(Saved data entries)

↓↓↓

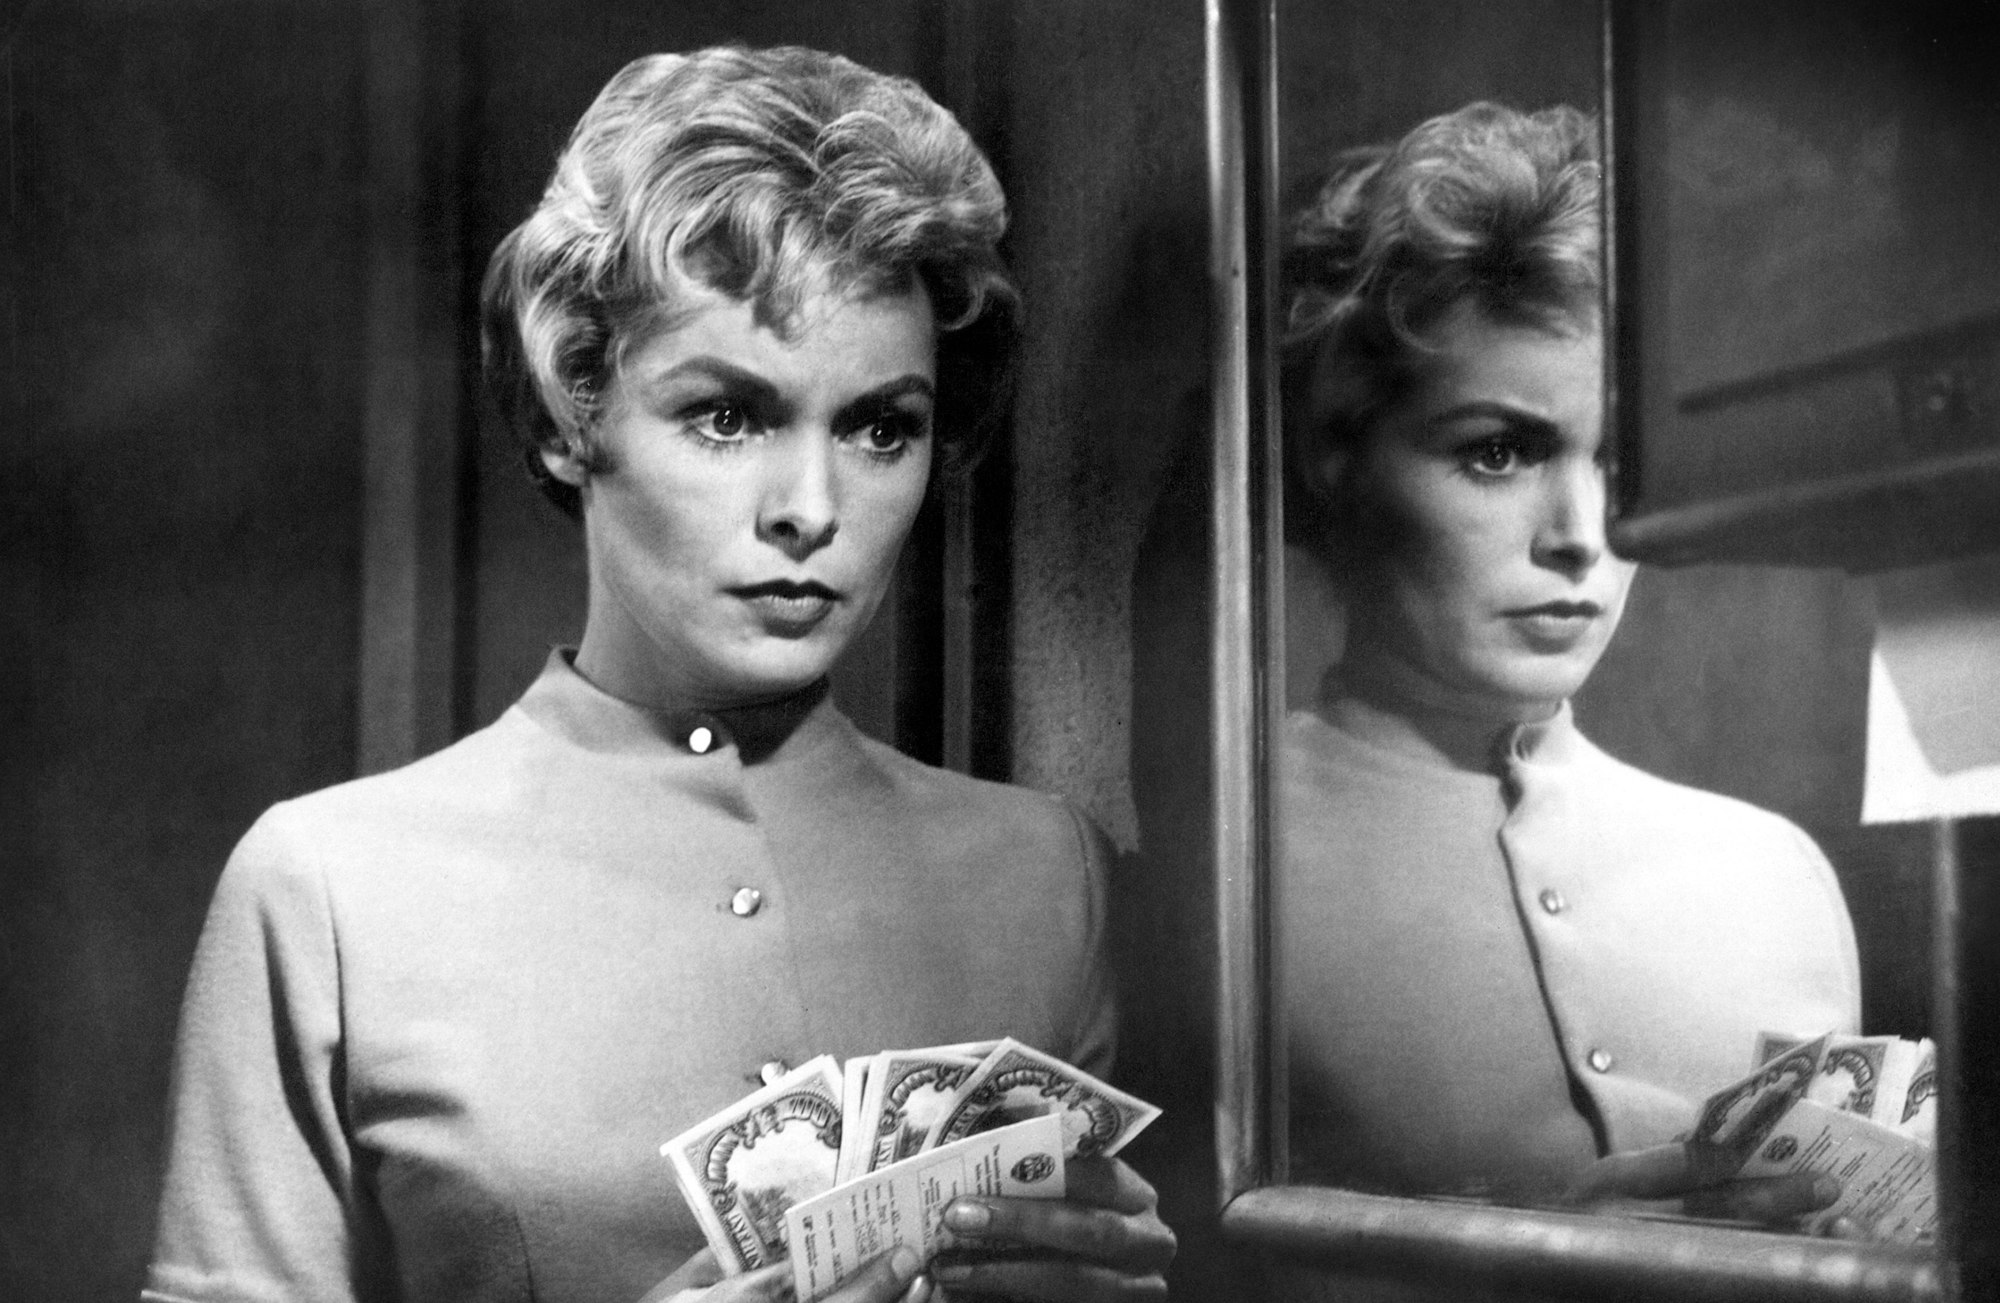 Still from Psycho 1960, photo: courtesy of Universal Pictures
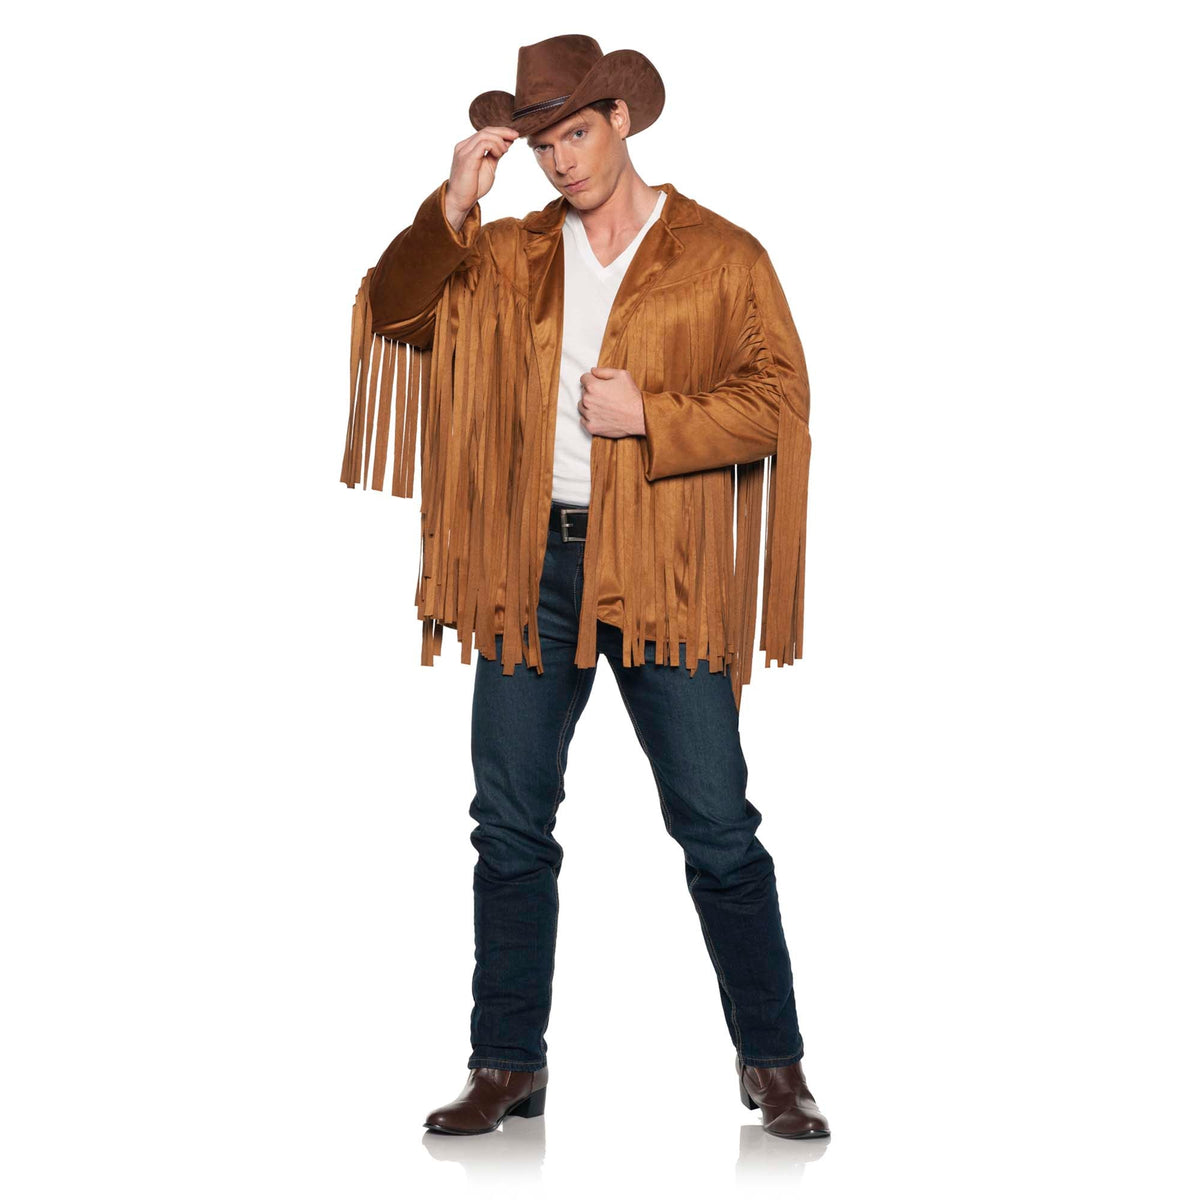 UNDERWRAPS Costume Accessories Western Fringed Jacket for Adults
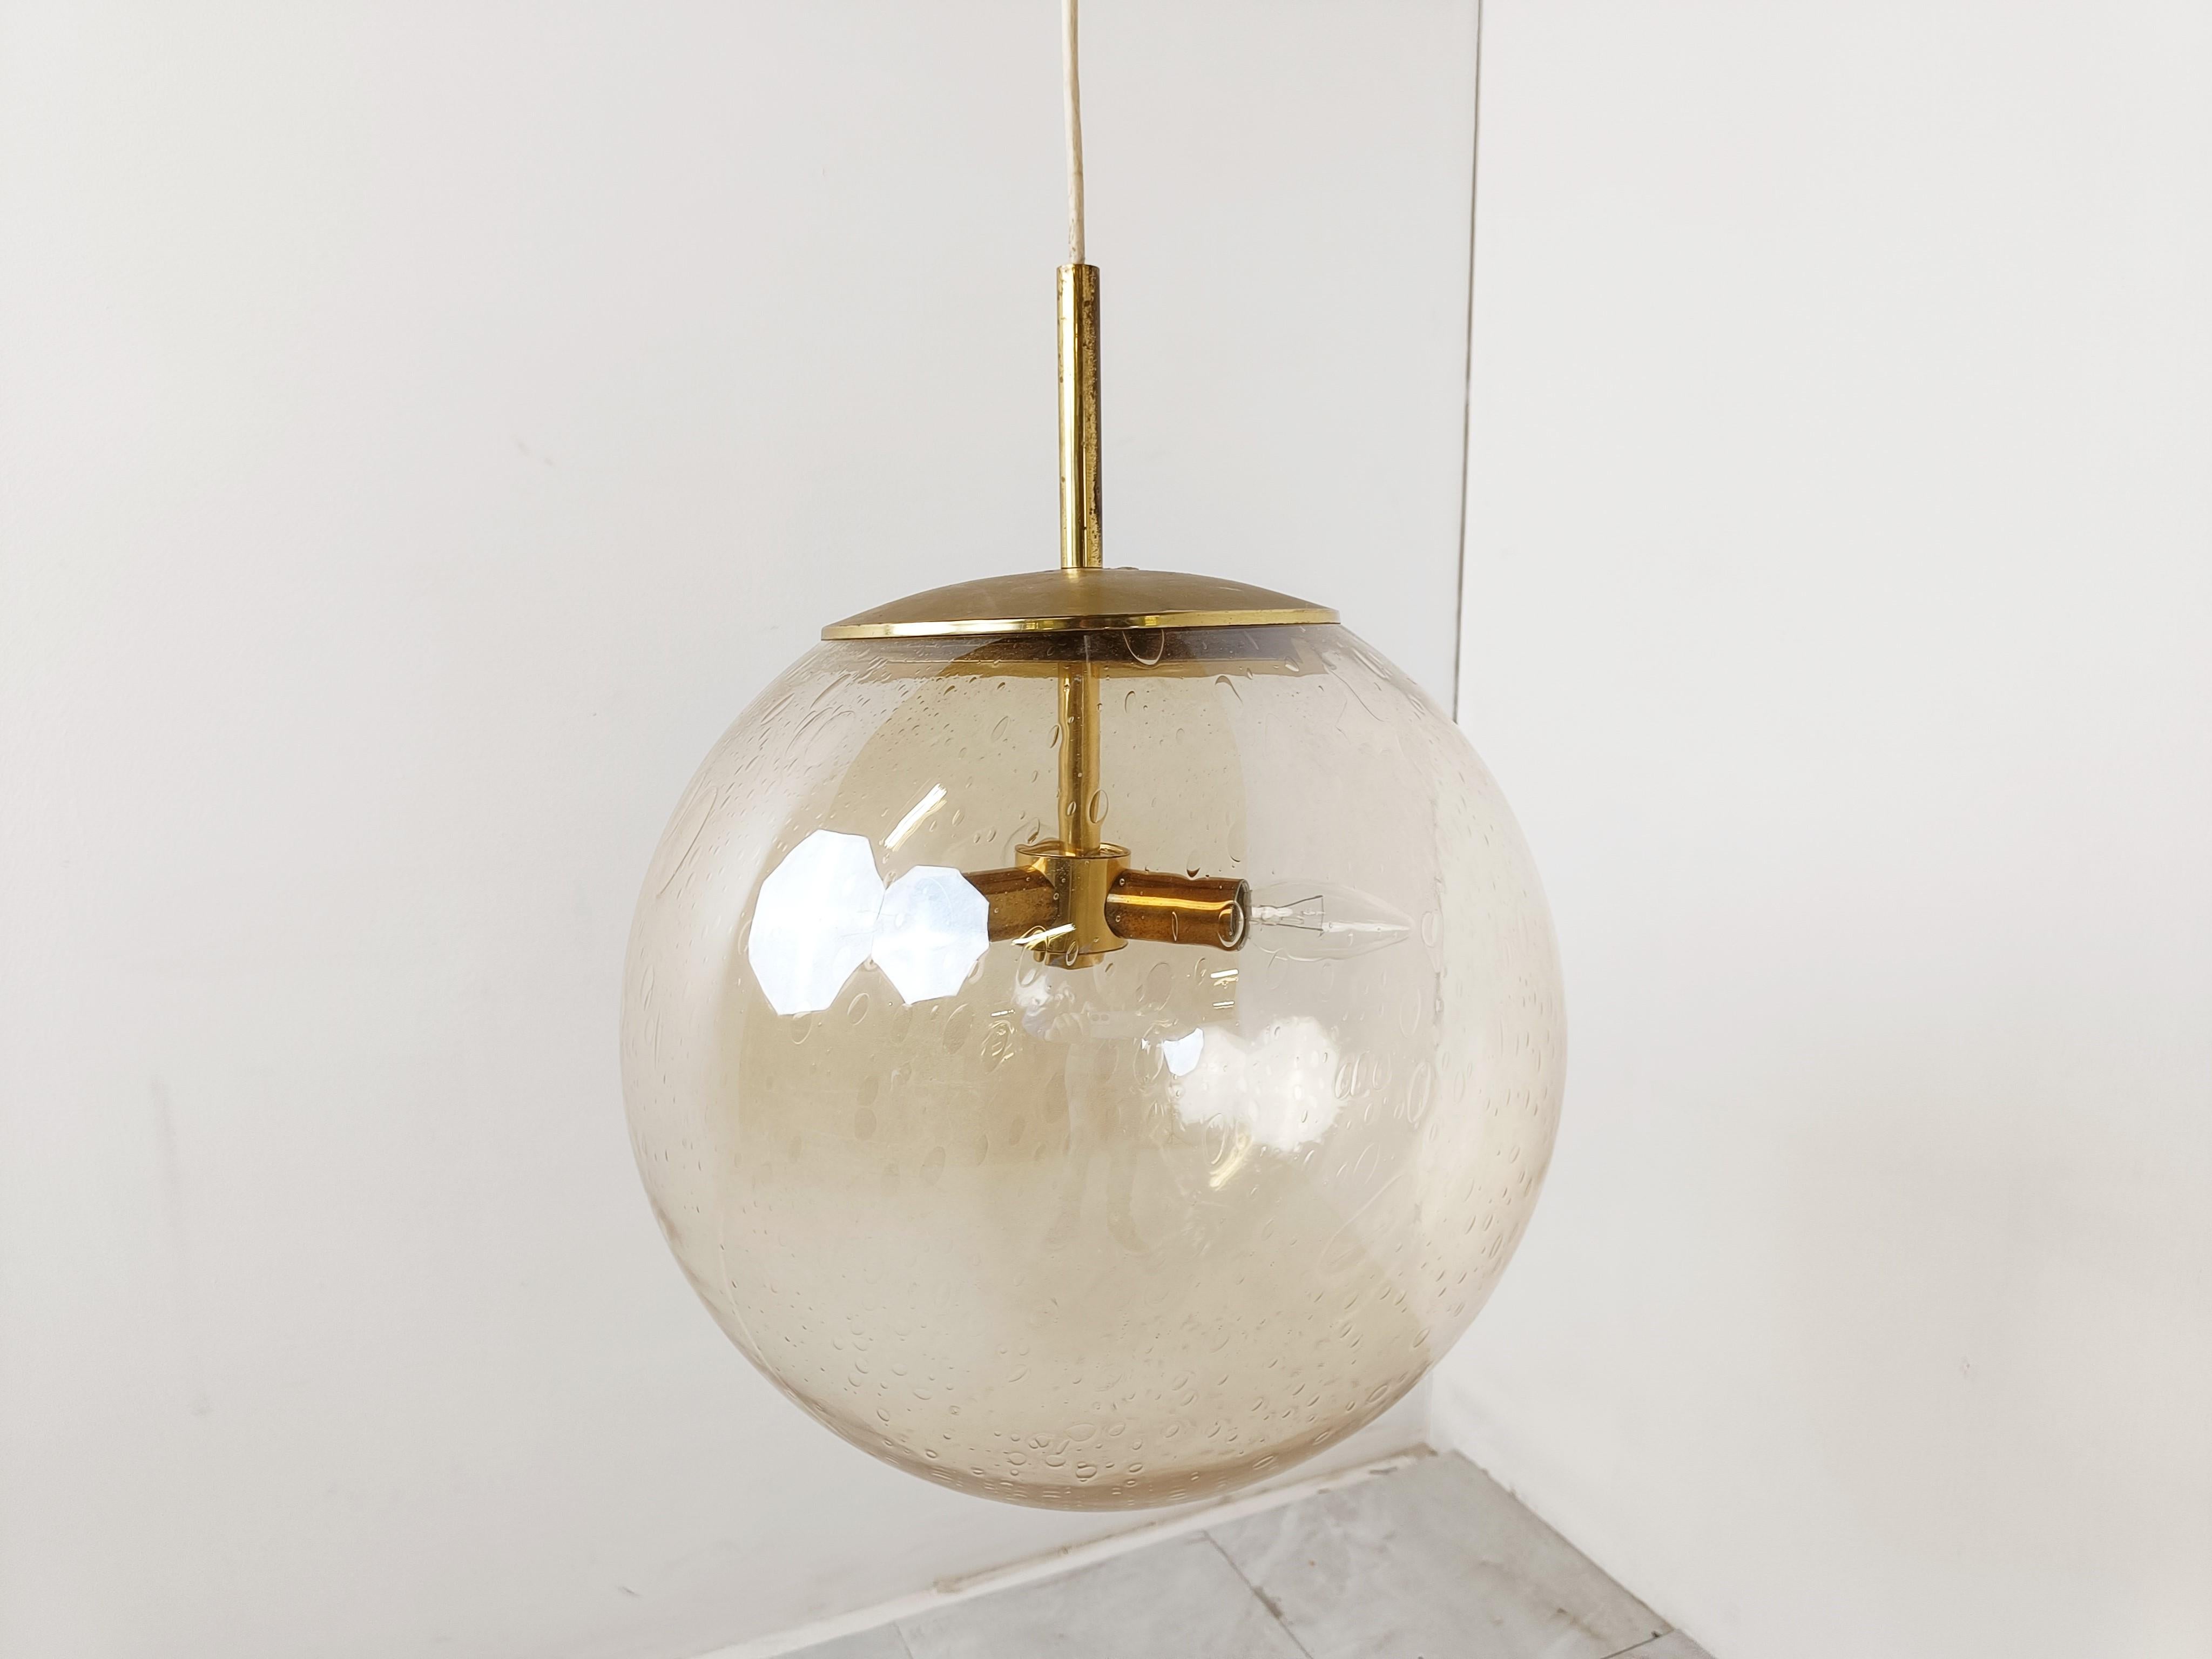 Midcentury glass pendant light by Glashutte Limburg. 

Amber coloured glass which emits a nice light.

Brass sockets and shade holder.

The wire can be lengthened or shortened as desired.

1960s - Germany

Dimensions:
Height:

↑↑↑

The problem:
Take the line that contains "Brass sockets and shade holder." and each line after it through the end of the records, and repeat them all exactly. Nothing else.

Reply to the exercise:
Brass sockets and shade holder.

The wire can be lengthened or shortened as desired.

1960s - Germany

Dimensions:
Height:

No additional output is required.